Why don't I get compiler errors from returning from a void function template?

Question

Consider:

void f() {
    return 5;
}

The above will raise errors. But why not this?:

template <typename = void> void f() {
    return 0;
}

I'm compiling with gcc-4.5.1. Why does it make a difference using templates such that I wouldn't receive errors from doing the same illegal return statement as a non-template function?. The only setback I get is that I can't call the function (ie f() ) without getting:

error: return-statement with a value, in function returning 'void'

But still, what could be the reason that I am able to define a return statement for a void function template?

Here is the code I have:

template <typename = void> void f() {
    return 0;
}

// pass

int main() {



}

The above code will pass despite a presumably illegal return statement in a function returning void.

Answer 1

Most of the checks are only done when you instantiate the template.

This is usually a good thing, as a code could work fine with one kind of template argument but fail to compile with another one. If you have template overloading, the compiler will even ignore candidates that fail to compile, see SFINAE .

Answer 2

You do :

template <typename = void> void f() {
    return 0;
}

int main()
{
    f<int>();
}

prog.cpp: In function 'void f() [with = int]':
prog.cpp:7:12: instantiated from here
prog.cpp:2:12: error: return-statement with a value, in function returning 'void'

Though the program is still ill-formed , the compiler is choosing not to diagnose the semantic error (which is its prerogative) because you're never actually instantiating that function.

Answer 3

This is a quality of implementation issue. The particular quote from the standard would be:

14.6/8 [...] If no valid specialization can be generated for a template definition, and that template is not instantiated, the template definition is ill-formed, no diagnostic required. [...]

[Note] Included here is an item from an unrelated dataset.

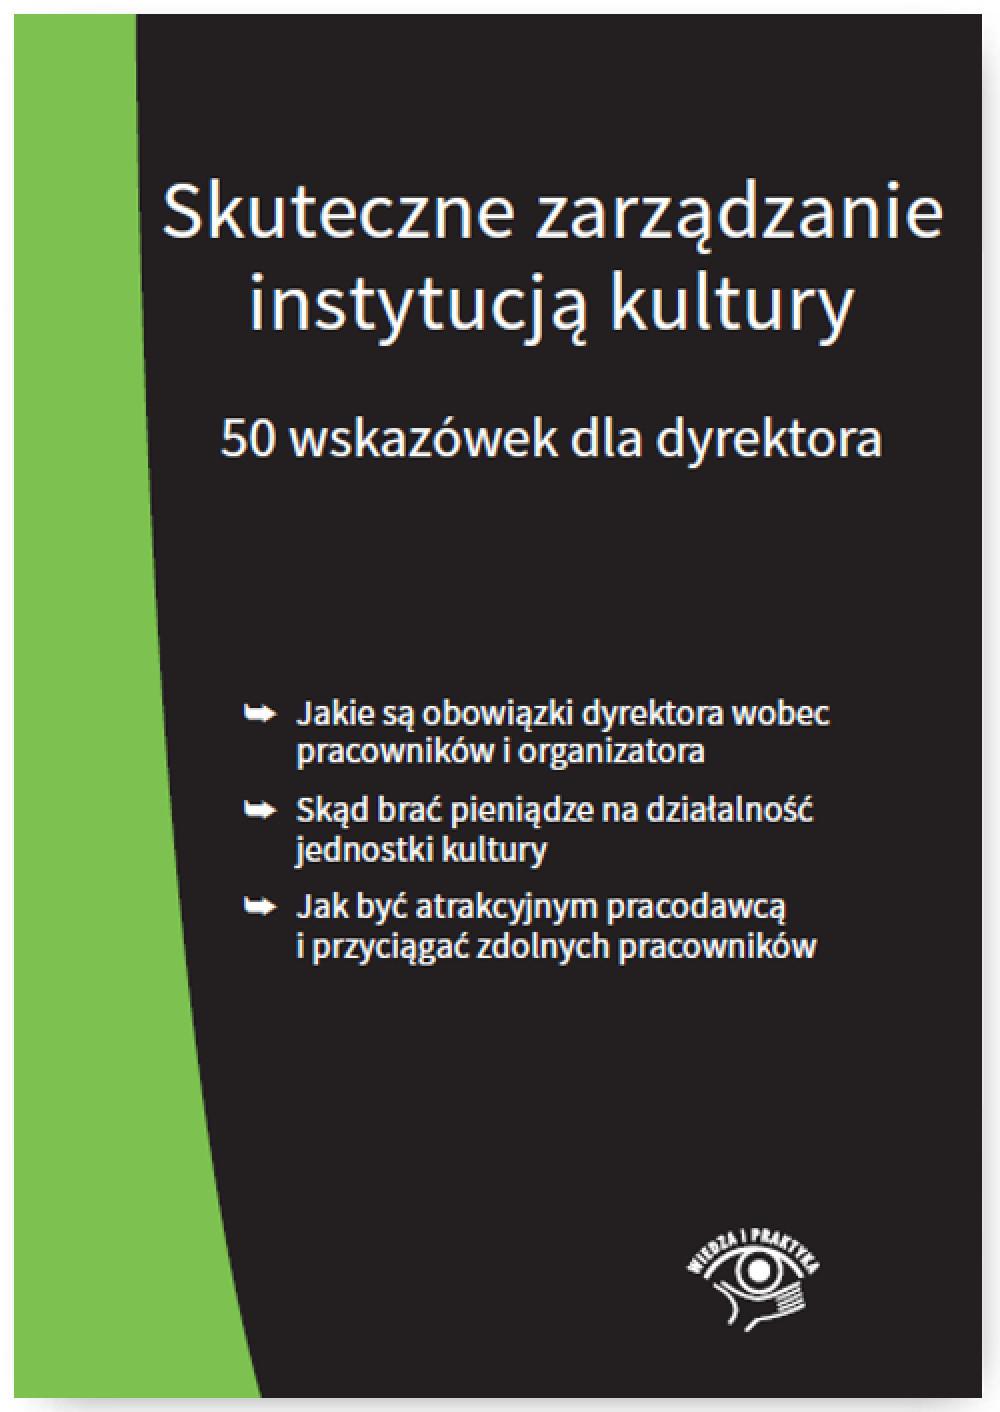 Skuteczne zarządzanie instytucją kultury. 50 wskazówek dla dyrektora ebook

That is, your program is ill formed because that template cannot be used to generate any valid specialization, but the compiler is not required to diagnose this. When at a later time you instantiate the template, the compiler must generate the specialization, that specialization is not valid and the compiler complains.

You don't get an error in the template definition because the compiler is following the no diagnostic required path, ie ignoring the problem until it can no longer ignore it in the instantiation.